There may have been something over there, or a biochemical interaction over here, that may have made a difference at some point, but I fought the fight long enough that I had many chances to overcome; I just didn't fight the good fight. I did not know how.


Was there a moment, a single decision, that turned me from a normal red-blooded, hormone-fueled, American male into a sex addict? I've already spent too much time on this question, and I still want to know. I would love to find data that lets me blame someone else or even the devil himself for what I became, and for what I did. But our lives are too complicated to be able to answer this with certainty. In the meantime, through therapy and meetings, I've learned far more than I knew I needed to know.

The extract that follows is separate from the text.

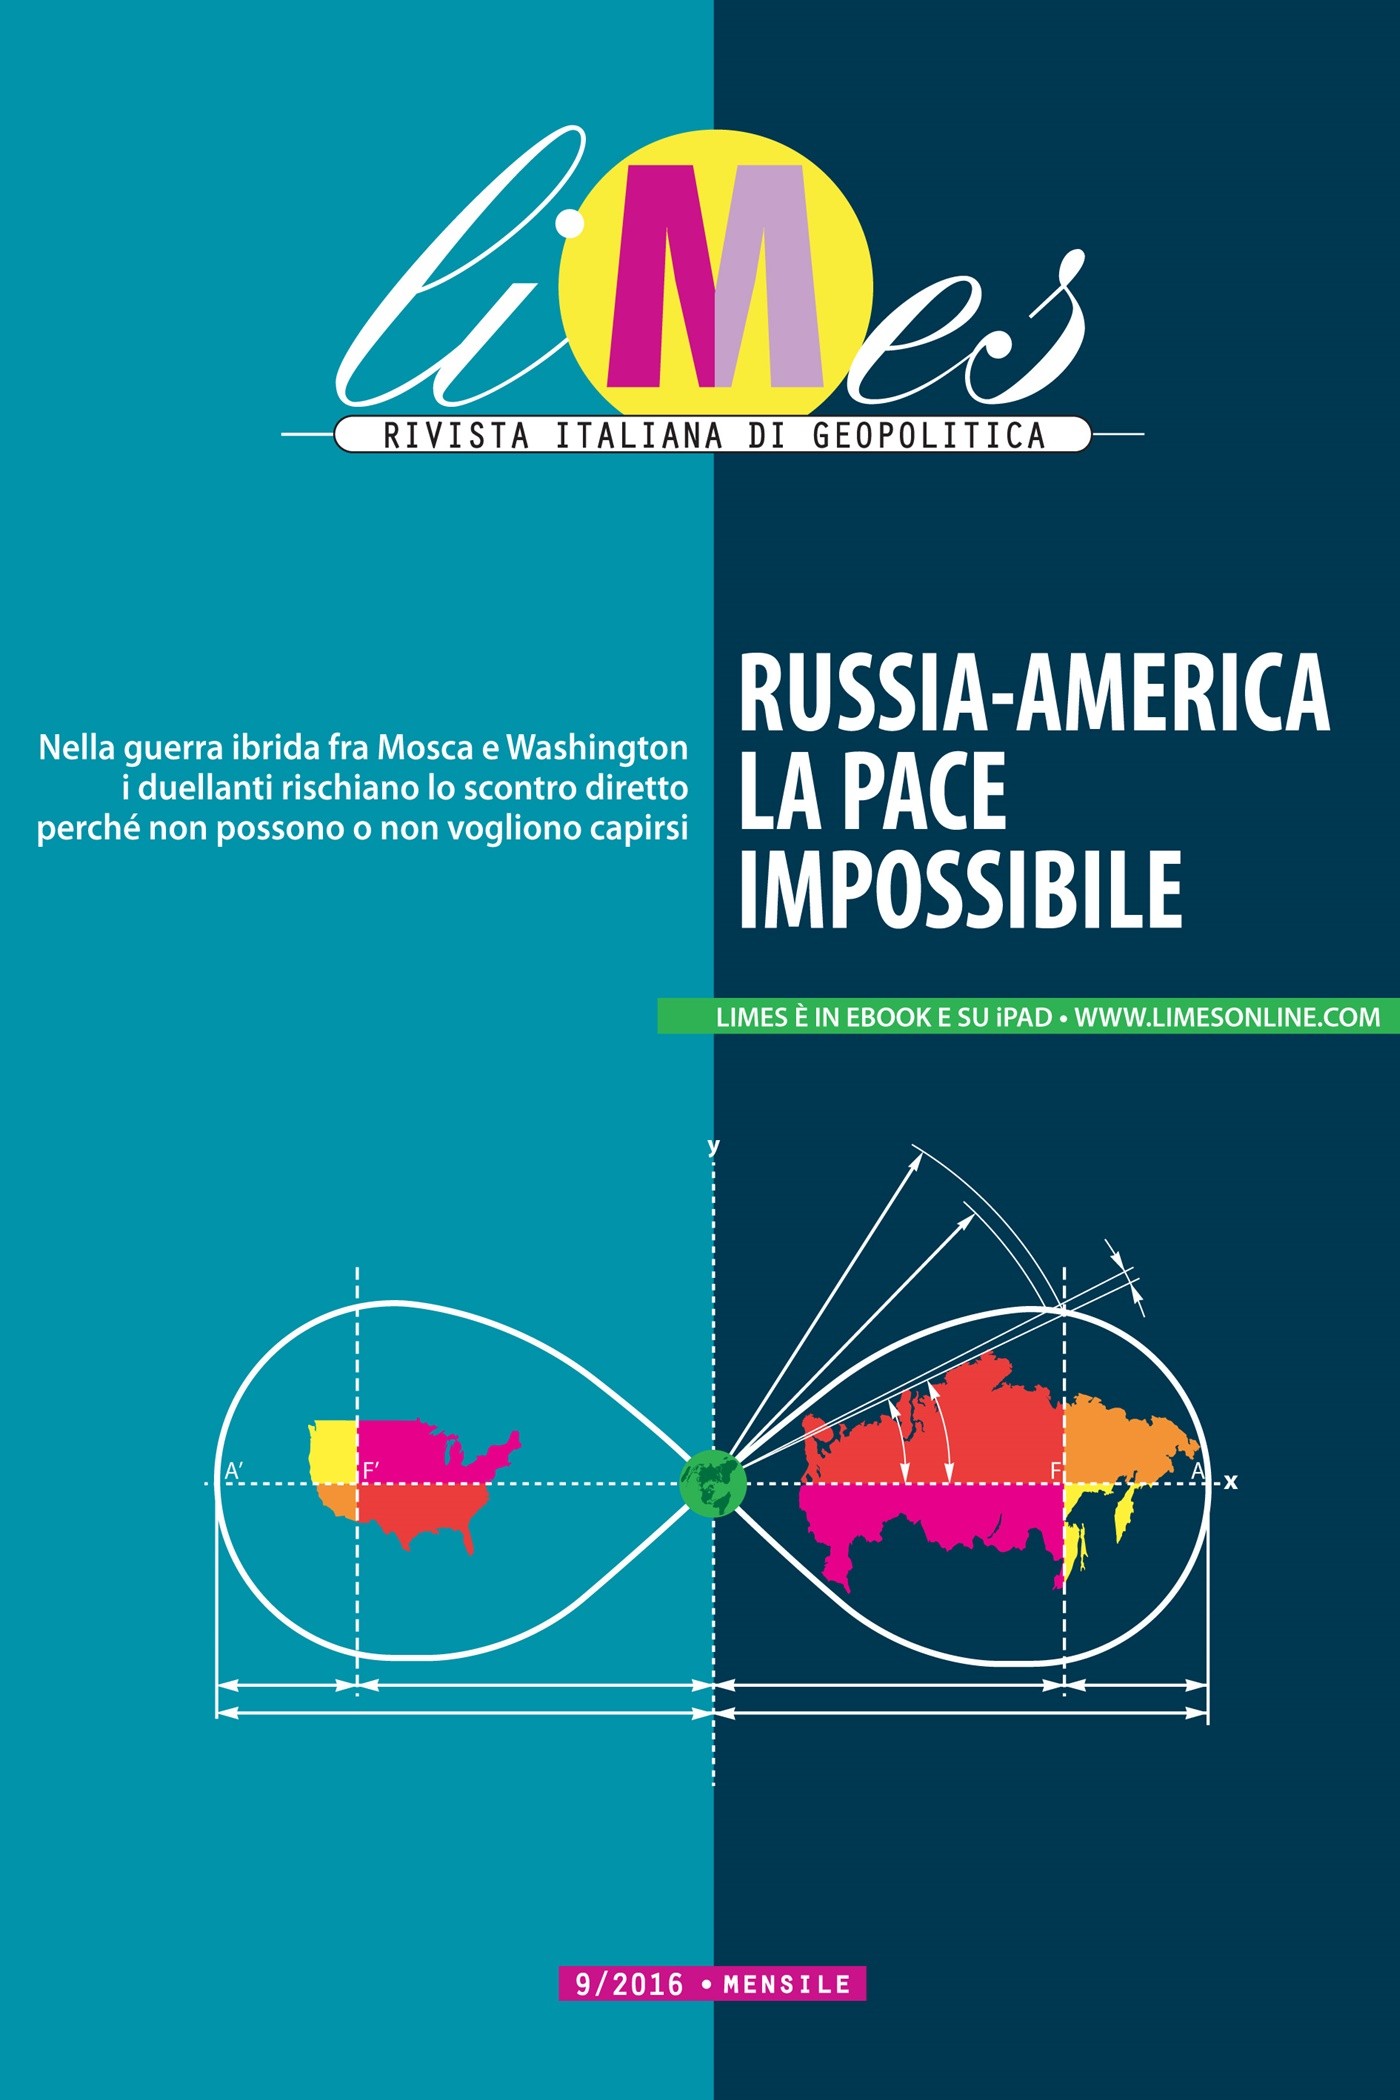 Limes - Russia-America, la pace impossibile - Librerie.coop

I also am experiencing the paradox that informs me that the more I learn, the less I know.


I hate surrender!


We are taught by all things holy to not be on the side that gives up or gives in. We make fun of the warriors who choose to live instead of to die in battle. We pity the boxer who stays down on one knee so he can go home to his family, instead of defiantly getting back up for another brain pounding punch. Then we come into a meeting and are told how important it is to admit we are defeated, that we are powerless against our addict. What a shock that we resist so much of the Steps! And we do that even in the face of knowing that hundreds of thousands of people, perhaps millions, profess that these tried-and-true methods have saved their lives.


Parts of my program seem silly — elements I don't like, steps I don't understand. But after more than two years attending meetings, and more than a year of working my own program, there are far fewer holes in my understandings than there were before.


I still hate surrender. I hate my addict even more.